Use the Dump Cluster Trace (DMPCLUTRC) command to help determine and resolve problems with a cluster.
The Dump Cluster Trace (DMPCLUTRC) command can help you to determine whether a cluster job has completed or what the job is currently processing. The command dumps cluster-related trace and debug information to a file. The information is dumped locally on one or more cluster nodes. The command can be used to dump one or all cluster resource service (CRS) jobs. Each CRS job that is dumped has a file member in the file. The name of the file member is the name of the CRS job. Clustering must be active for the command to produce output. Only nodes that have an active CRS job will have output. The information that is dumped originates from the user trace and other information is taken from cluster objects. The amount of information dumped is determined by the dump level. The different dump levels are basic information, error information, informational information, and verbose information. The dump level determines how much information is sent to the file. In most cases an IBM® service representative will inform you of which level to specify based on your needs, however; LEVEL(*ERROR) is sufficient for most troubleshooting scenarios. If you have a question on which level is appropriate for your situation, contact an IBM Service representative.

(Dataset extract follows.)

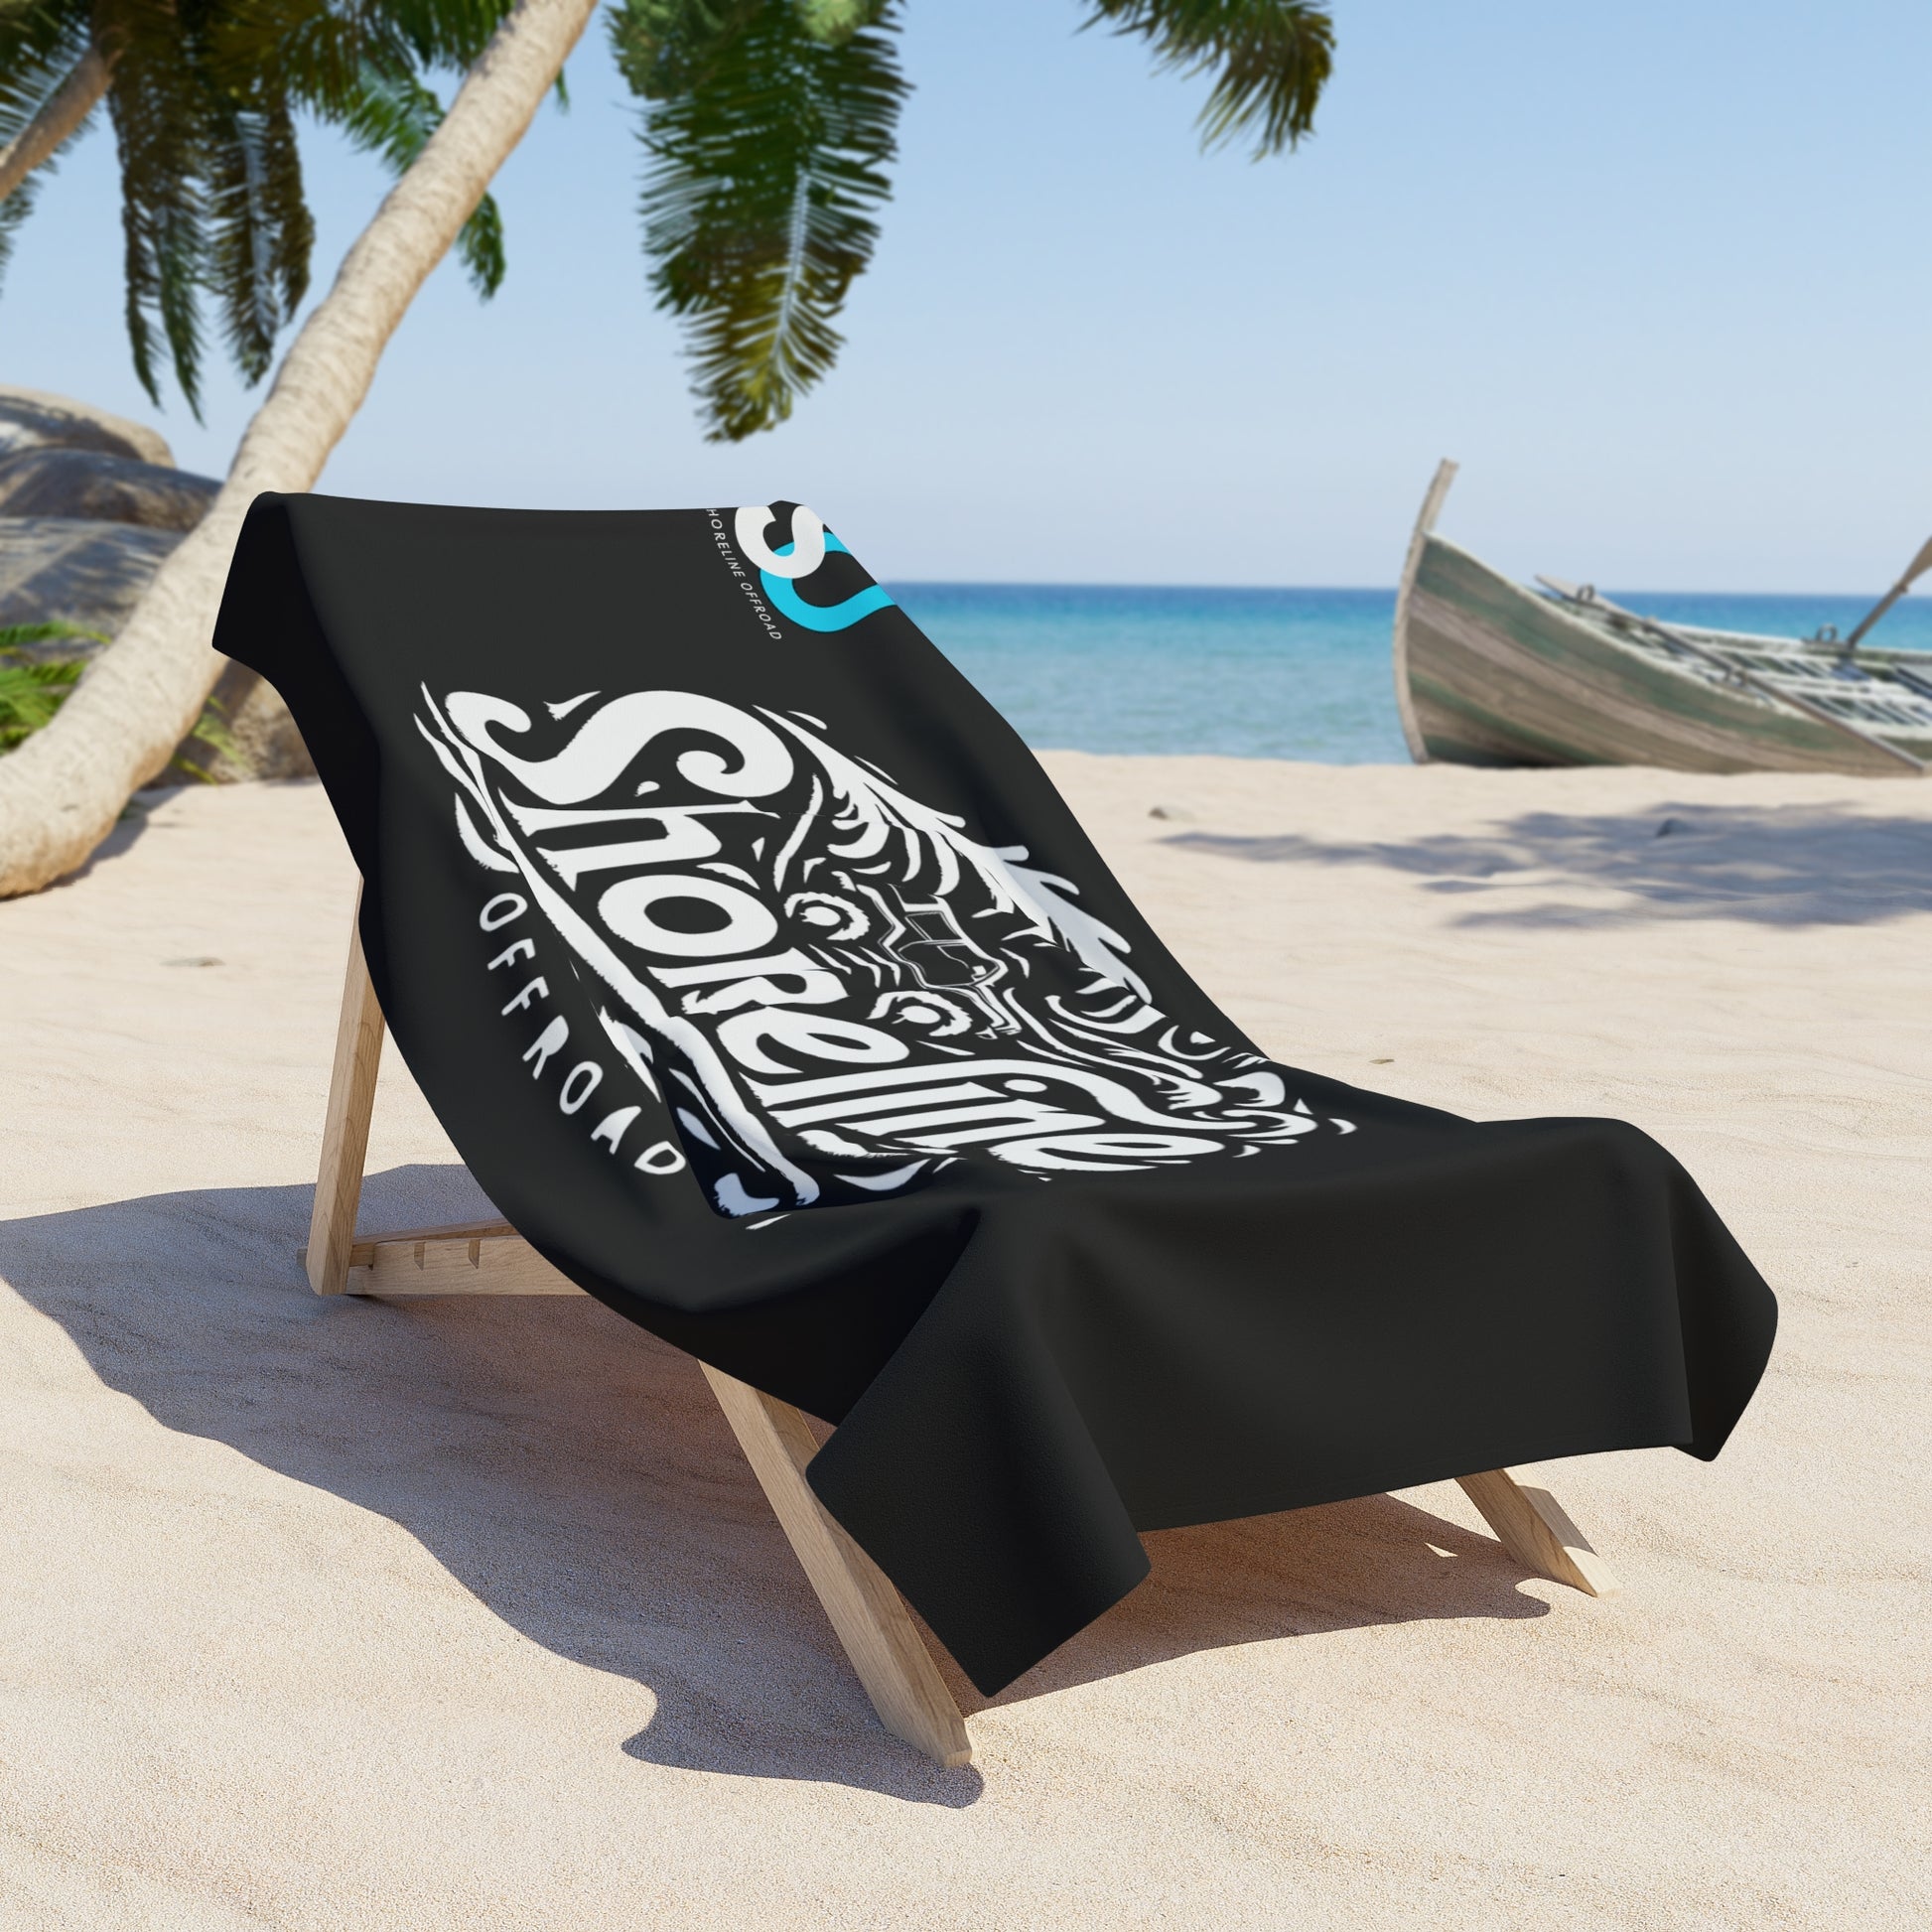 a beach chair with a black cover on a beach
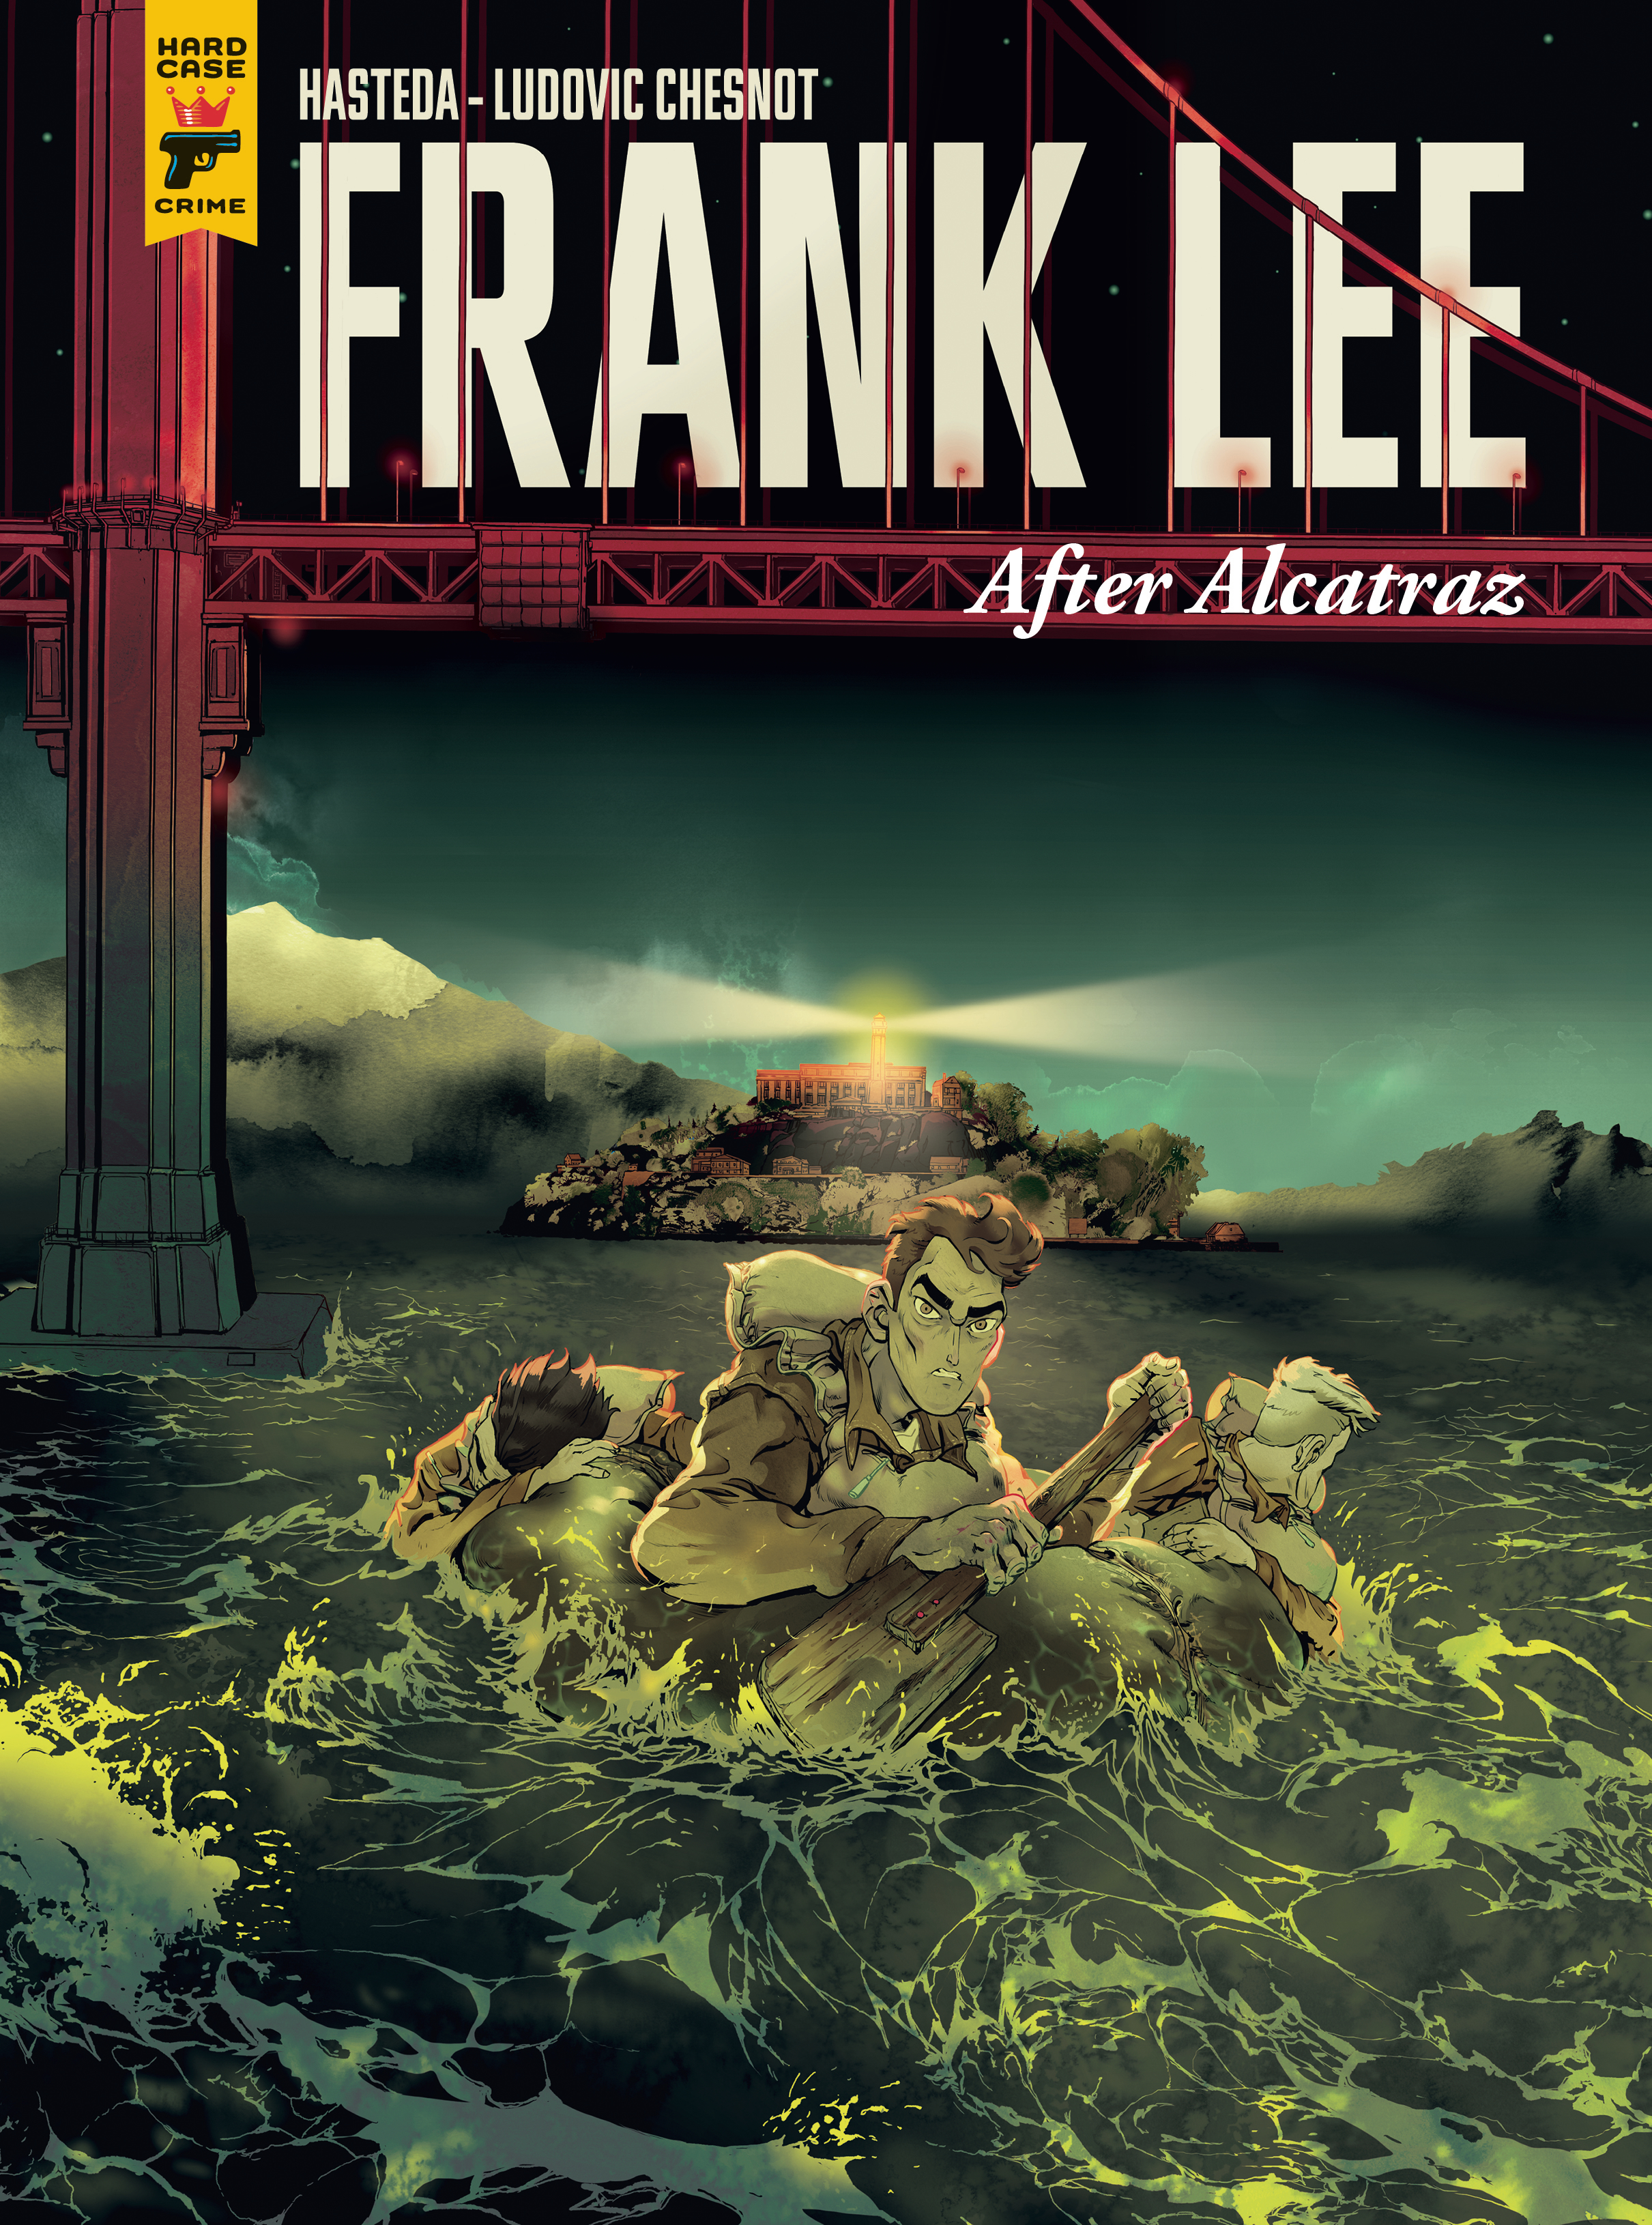 Frank Lee After Alcatraz Hardcover

You can analyze the trace results to get an understanding of what the clustering is doing, such as which cluster job is causing the protocol to wait. The output which comes from the user trace will contain a separator line which is a series of equal signs (=). Depending on how many times the DMPCLUTRC was issued will have an impact on how many separator lines are seen in the file. There may be multiple calls of DMPCLUTRC in the same file. The last set of stack dumps has the most current information. In some cases, a CRG job can have two groups. Each group has a separate dump section in the file.
In the following example of Dump Cluster Trace results, there are two nodes (SYSTEM1 and SYSTEM2) in a cluster named MYCLUSTER. It has one CRG named MYCRG. Both nodes are in the recovery domain of the MYCRG. The user issued the STRCRG CL command and the process is taking a long time to return results. From a different workstation, the user entered DMPCLUTRC CLUSTER(MYCLUSTER) CRG(*ALL) LEVEL(*ERROR) FILE(MYFILE) on a command line interface.
User Trace Dump for job 073586/QSYS/MYCRG. Size: 300K, Wrapped 0 times. --- 08/22/2005 16:43:32 --- (1a) 00000006:658536 Main thread handle 2 (1b) 00000008:748016 Work thread 1 handle 13 (1b) 00000007:754576 Work thread 2 handle 11 --- 08/22/2005 16:46:04 --- 00000008:269608 CSTDAMBR 1115: WaitForMsg 4 1005 CPFBB3C --- 08/22/2005 16:48:17 --- 00000006:925112 (1c) DMPCLUTRC Node SYSTEM1 Group MYCRG ===================================================
The first section contains the thread numbers and handles for the cluster job. Cluster jobs may have two or more threads. In this example there is one for the main thread (1a), which is where all the work comes into, and two work threads (1b). This section also contains information about what system this trace came from and to which cluster job it pertains too (1c).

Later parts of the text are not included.